# Cat Wont stop eating grass



## bltsob (Feb 2, 2004)

I let my cat out almost everday for about 15-20 minutes and he will not stop eating grass, he will sit there in the hot sun eating grass, then when i get ready to pick him up and bring him in, he gets all fussy and hisses and bits me..

I dunno whats wrong, hes never been mean to me


----------



## BoscosMum (Apr 29, 2004)

Hello...I will be interested to hear everyones opinion about this.
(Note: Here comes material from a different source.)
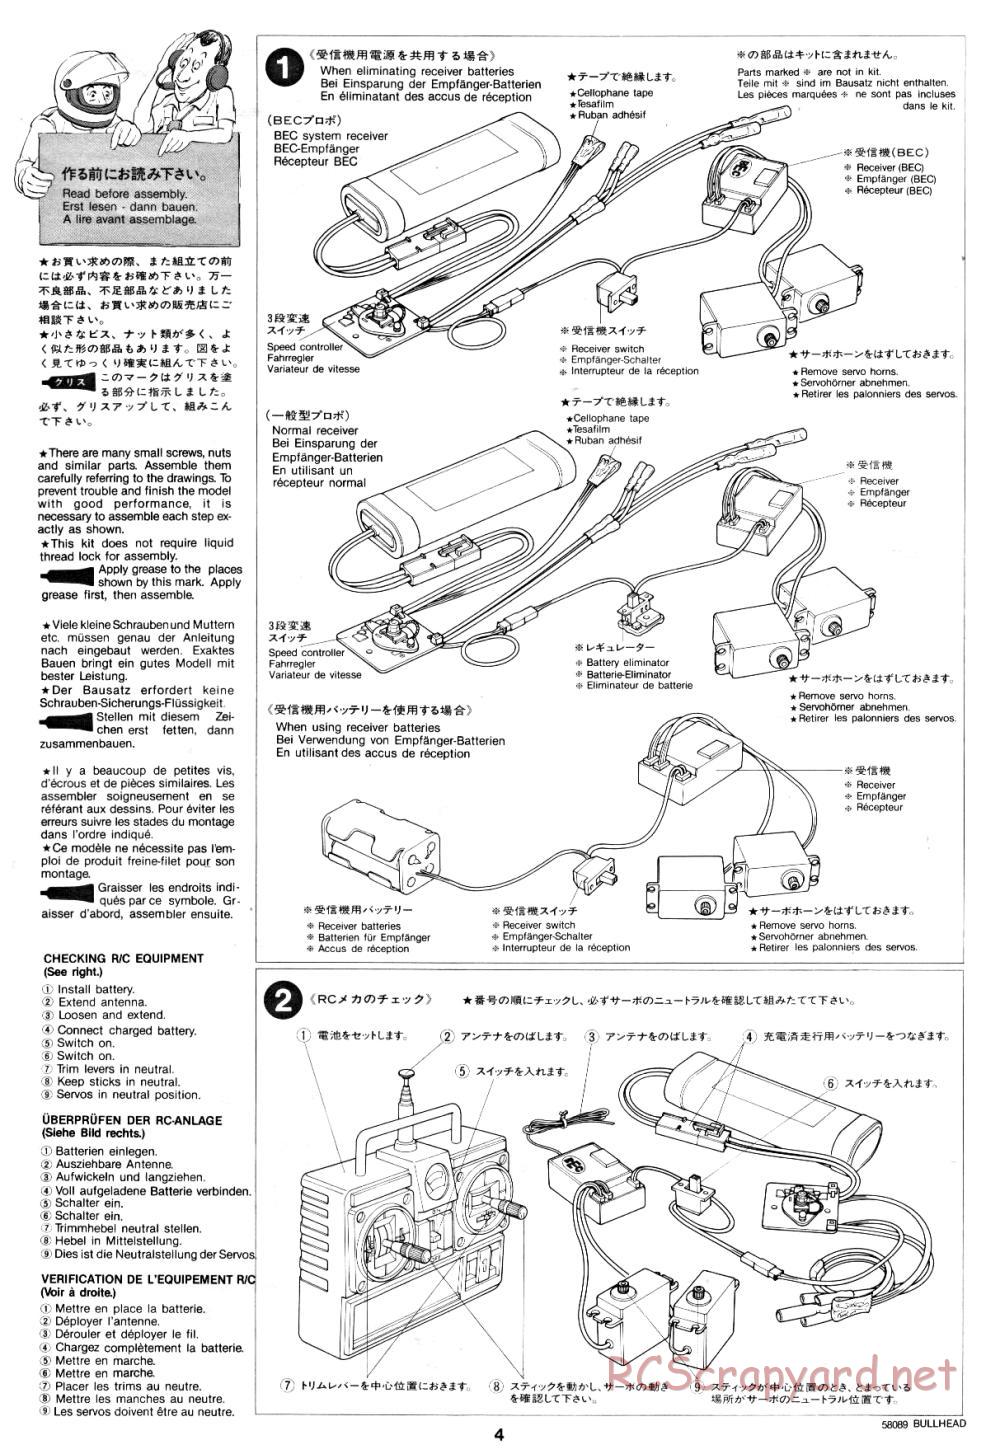 Tamiya - Bullhead - 58089 - Manual - Page 4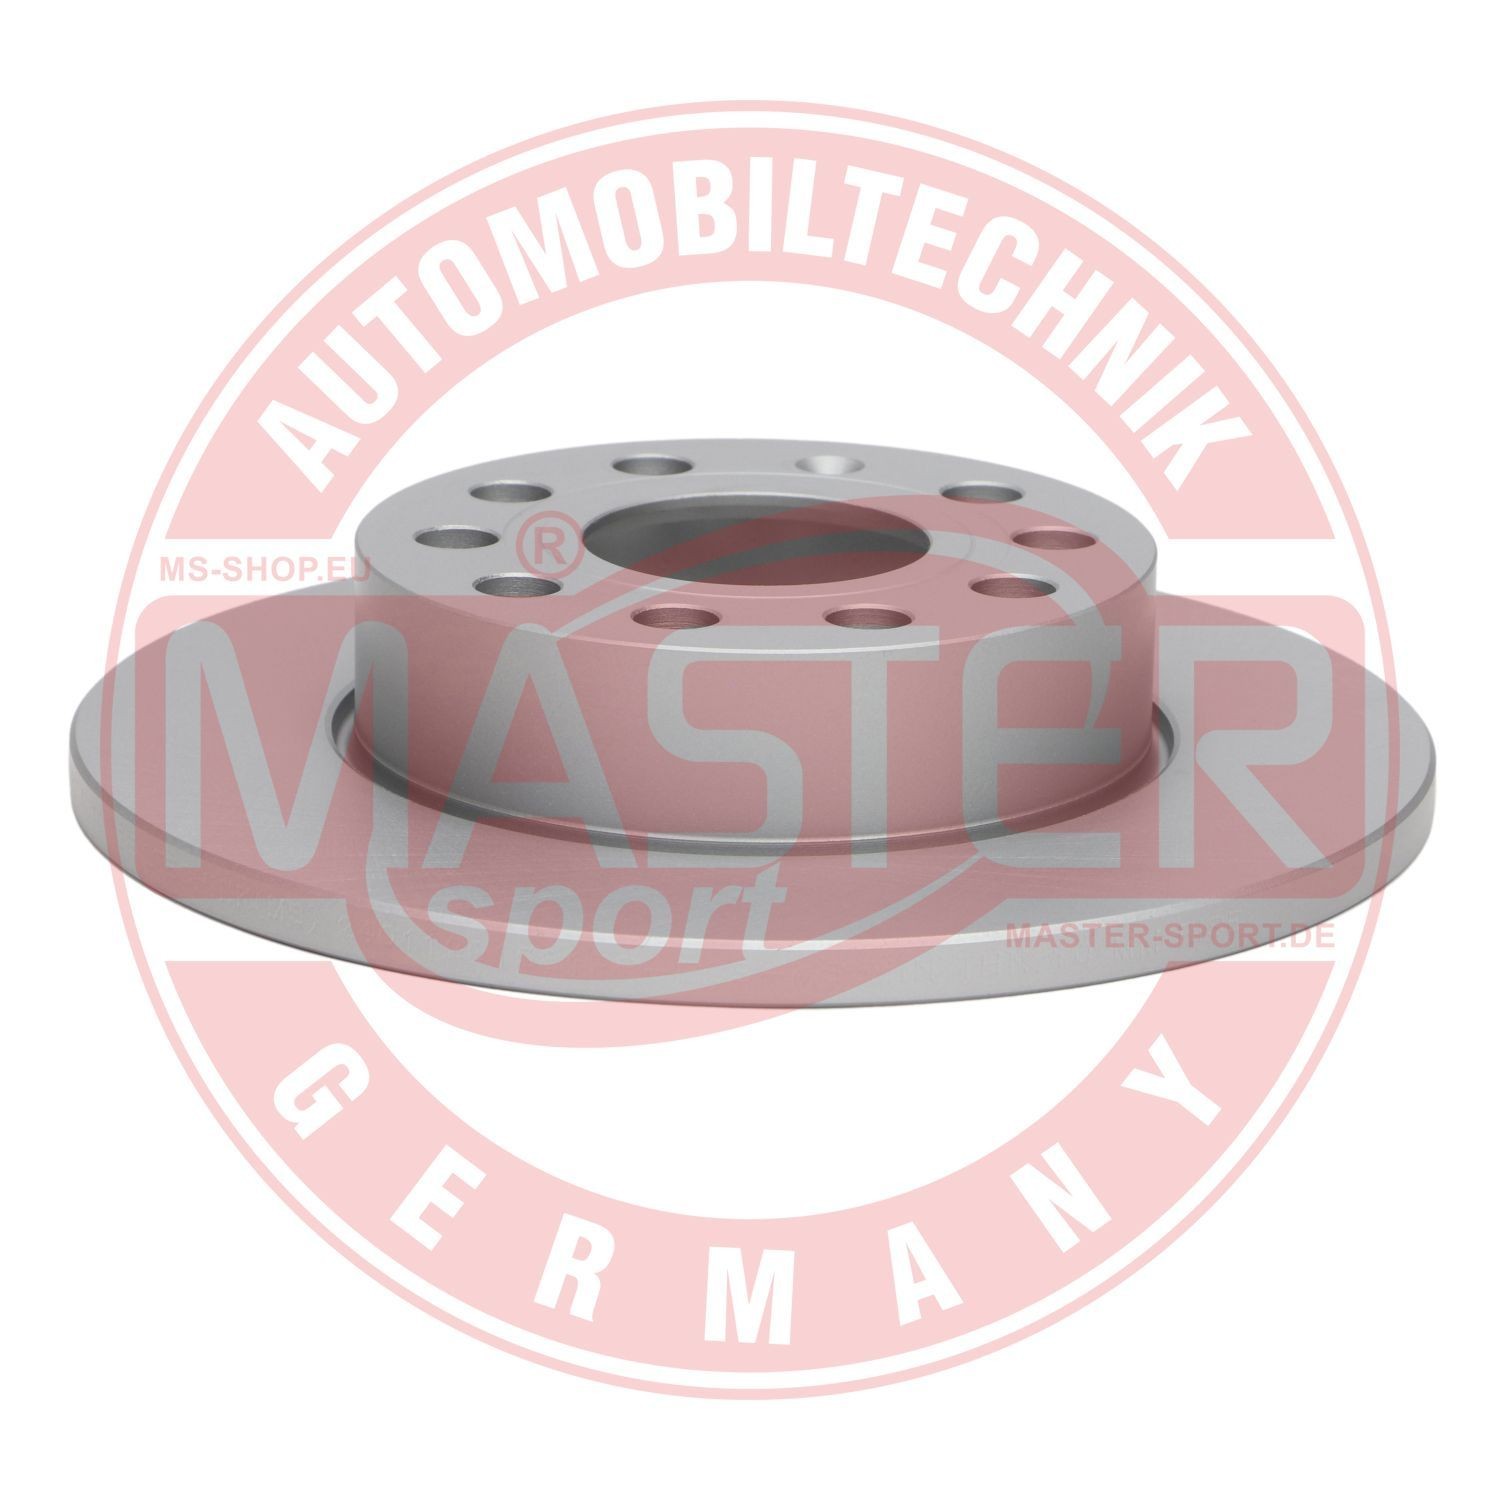 Volkswagen TOURAN Disc brakes 15307238 MASTER-SPORT 24011201581PR-PCS-MS online buy

If it were me, I would let my cat eat the grass, 
providing it is not full of lawn chemicals. 
There are a few ideas and theories regarding cats who eat grass. 
I think they do it because the want to clean out their stomach, kind of like to barf up a hairball. Just dont let him do it right after mealtime. LOL!

I also think that cats like the taste and smell of the grass!


----------



## jonsgirl (Nov 7, 2003)

Have you tried getting him some cat grass?

Its a little kit that you can get at Wal-Mart. It's just oat seeds that you plant and they grow in less than a week. My cats went nuts for this stuff. I grew some and let them chomp on it for about 10 minutes everyday. 
Then I accidentaly left out and Stix dumped the pot over. :roll: 

I think there is some nutritional value to it...but I'm not sure. I dont think it's anything to worry about if your kitty wants to eat it all the time; he can't finish the entire lawn!


----------



## tanyuh (Jun 7, 2003)

Samhain loves it too. If I let her eat as much as she wants tho, she will eat it all and then throw up :/ I just bought her some more seeds yesterday but I need a container to plant them.


----------



## garfield (Aug 2, 2003)

I did the same thing, it was like 3 dollars at Target. I left it in the original pot it was in and I just leave it on the floor and my cat takes a couple of bites throughout the day. She doesn't go nuts over it, but she likes it. try that, I can't believe the cat hisses when you bring her in, I wouldn't let her outside anymore.


----------



## BoscosMum (Apr 29, 2004)

I like the sounds of this cat grass!!! Do any of you have dogs that try to eat it also....trying to think of a place to put it just for kitty! :?


----------



## Superkitties (Jan 30, 2004)

My cats will all chomp away happily at our lawn grass too when we have outside visits. We don't use any chemicals on ours, so I let 'em munch away.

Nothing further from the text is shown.